Saudi National Bank البنك الأهلي السعودي
- Type: Public
- Traded as: Tadawul: 1180
- ISIN: SA13L050IE10
- Industry: Finance
- Founded: 26 December 1953; 72 years ago (as The National Commercial Bank); 1 April 2021; 5 years ago (via the merger of National Commercial Bank & Samba Financial Group);
- Headquarters: Riyadh, Saudi Arabia
- Number of locations: 502 Branches (2021) 3,770 ATM's (2019)
- Key people: Saeed Mohammed Al-Ghamdi (Chairman); Tareq Abdulrahman Al Sadhan (Chief Executive Officer);
- Products: Financial services
- Total assets: US$273.9 billion (2022)
- Number of employees: 13,058 (2021)
- Website: SNB Website

= Saudi National Bank =

Saudi Arabian Bank

Saudi National Bank (SNB; البنك الأهلي السعودي), also known as SNB AlAhli, formerly known as National Commercial Bank, is the largest commercial bank in Saudi Arabia.

In April 2021, National Commercial Bank merged with Samba Financial Group under the name of Saudi National Bank.

On 27 March 2023, Ammar Abdul Wahed Al Khudairy resigned as the bank's chairman citing personal reasons, two weeks after Al Khudairy stated that SNB would not be acquiring more shares in troubled Swiss bank Credit Suisse due to regulatory constraints, which caused more panic among investors.

SNB was ranked third on Forbes Middle East's Top 100 Lists Companies 2025 list.
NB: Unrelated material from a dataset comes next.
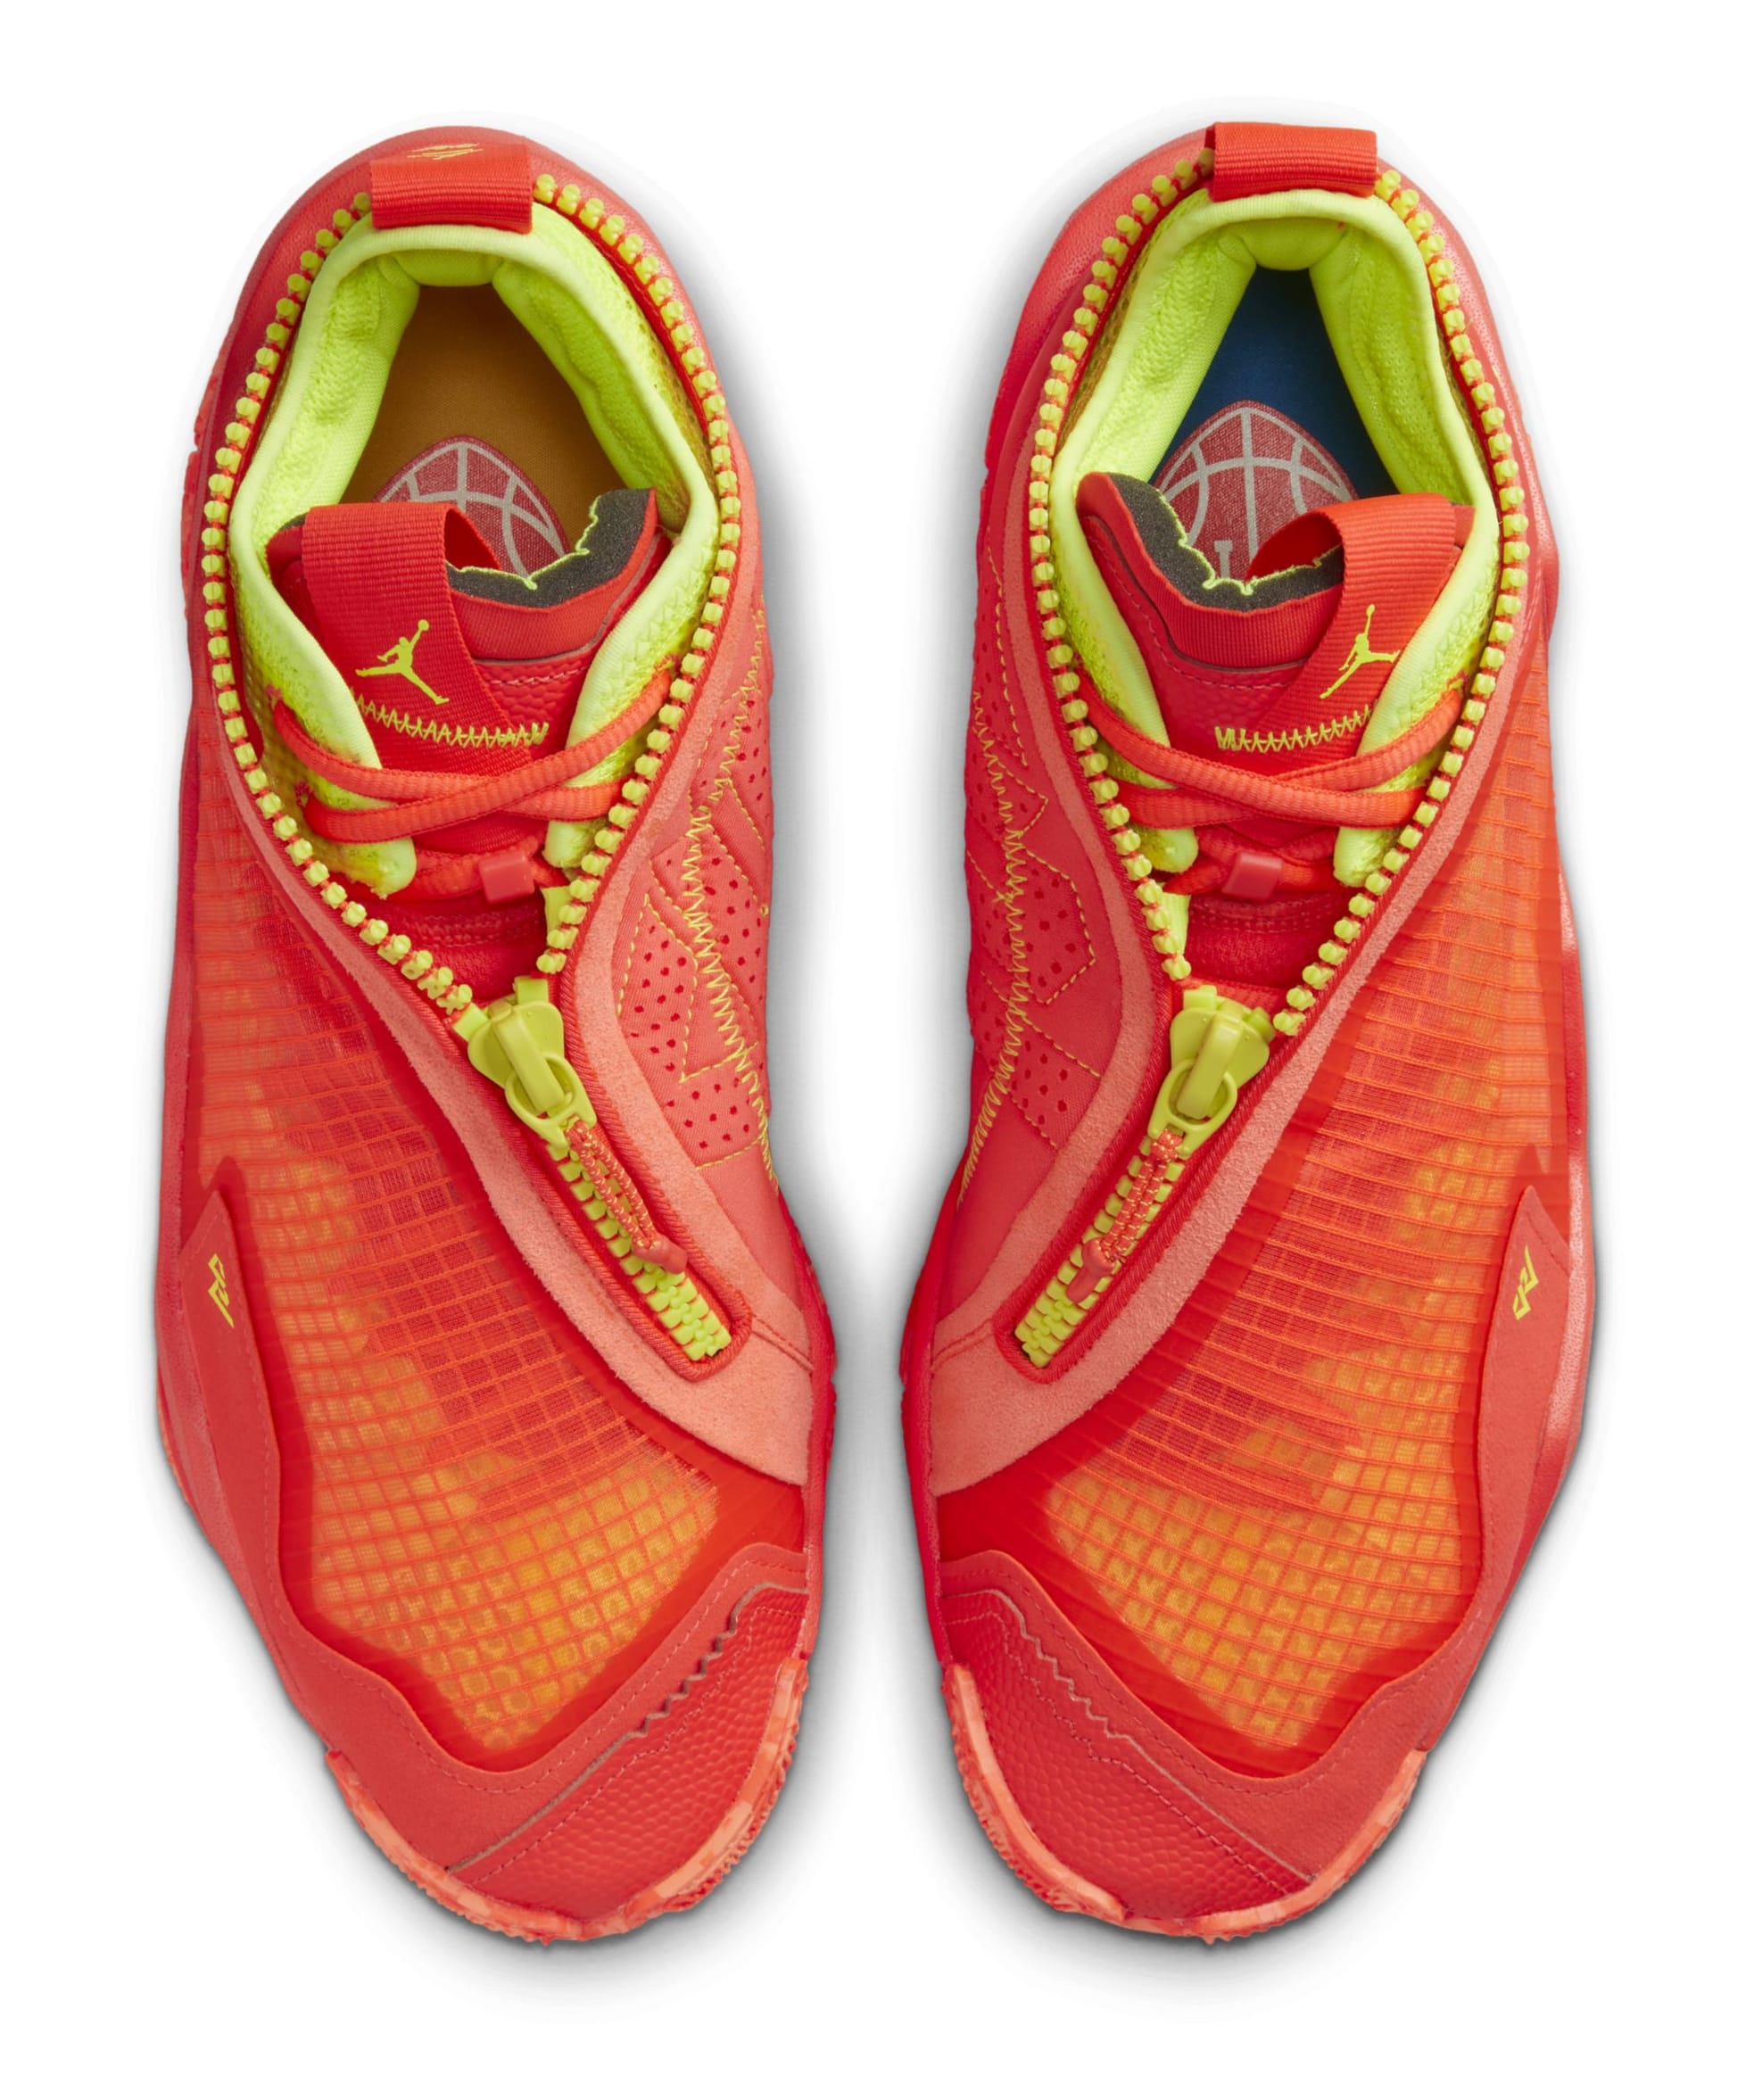 Closer Look at Russell Westbrook's Next Jordan Signature Shoe

It was also ranked second on Forbes Middle East's 30 Most Valuable Banks 2025 list.

== SNB Group ==
The Saudi National Bank “SNB Group” “Arabic: البنك الأهلي السعودي” is a Saudi bank headquartered in Riyadh, the capital city of Saudi Arabia. The bank was founded in December 1953 under the name of the National Commercial Bank “NCB”. In 2021, SNB has emerged as a banking champion after completing one of the largest mergers in the region between the National Commercial Bank and Samba Financial Group. Currently, SNB has subsidiaries and affiliates operating in 8 countries around the world.

The Saudi National Bank is mainly owned by the Saudi Government represented by the Public Investment Fund and the General Organization for Social Insurance (GOSI).

Being the largest financial group in Saudi Arabia and one of the largest powerhouses in the region, SNB plays a vital role in supporting economic transformation in Saudi Arabia by transforming the local banking sector and catalyzing the delivery of Saudi Arabia’s Vision 2030. SNB strategy is closely aligned with the Saudi Vision programs, levering on its position as the largest institutional and specialized financier in the Kingdom to support the Kingdom’s landmark deals and mega projects.

SNB balance sheet, business model, and liquidity position help the Bank’s local and regional capabilities, and to facilitate trade and capital flows between the Kingdom and regional and global markets.

== Ownership and legal constitution ==
The bank was constituted as a general partnership from its founding in 1953 until 1 July 1997, when it was reconstituted as a joint stock company.

In 1999, the Government of Saudi Arabia acquired a majority holding in the bank through the Ministry of Finance's Public Investment Fund (PIF).

In an extraordinary general assembly meeting held on 21 March 2014, the shareholders approved to offer 25% of the bank's share capital (after capital increase) to the public under the initial public offering (IPO) and to a minority shareholder of the bank. The IPO was made for 15% of the bank's share capital, and an additional 10% was allocated to the Public Pension Agency. The shares offered were part of the shareholding of a majority shareholder of the bank. The IPO was approved by the regulatory authorities and the subscription for the IPO took place between 19 October 2014 and 2 November 2014, and the Bank's shares have been trading on Saudi Stock Exchange (Tadawul) since 12 November 2014.

== SNB Management ==
Chairman: Saeed Mohammed Al-Ghamdi
CEO: Tareq Abdulrahman Al Sadhan
CEO, SNB Capital: Rashed I. Sharif
Group CFO: Ahmad Ali Al Dhabi

==NCB Samba Deal==

Samba Financial Group and NCB planned a mega-merger worth billion. The merger would result in the creation of Arabian Gulf's third-largest bank after Qatar National Bank and First Abu Dhabi Bank.

== Investments ==
Saudi National Bank previously held a 9.8% stake in the Credit Suisse Group. Later statements indicate this had been increased to the maximum authorised amount of 9.9% and a statement issued on this matter, at the time “material weaknesses” were identified by auditors in Credit Suisse accounts, contributed to climate which resulted in CS being bought at a steep discount by its rival UBS and despite receiving a massive credit line by the Swiss National Bank. This will have resulted (subject to any hedging) in a large loss write down in value of investments owned by the Saudi National Bank. They will have gained a much smaller participation in the new post-merger UBS bank.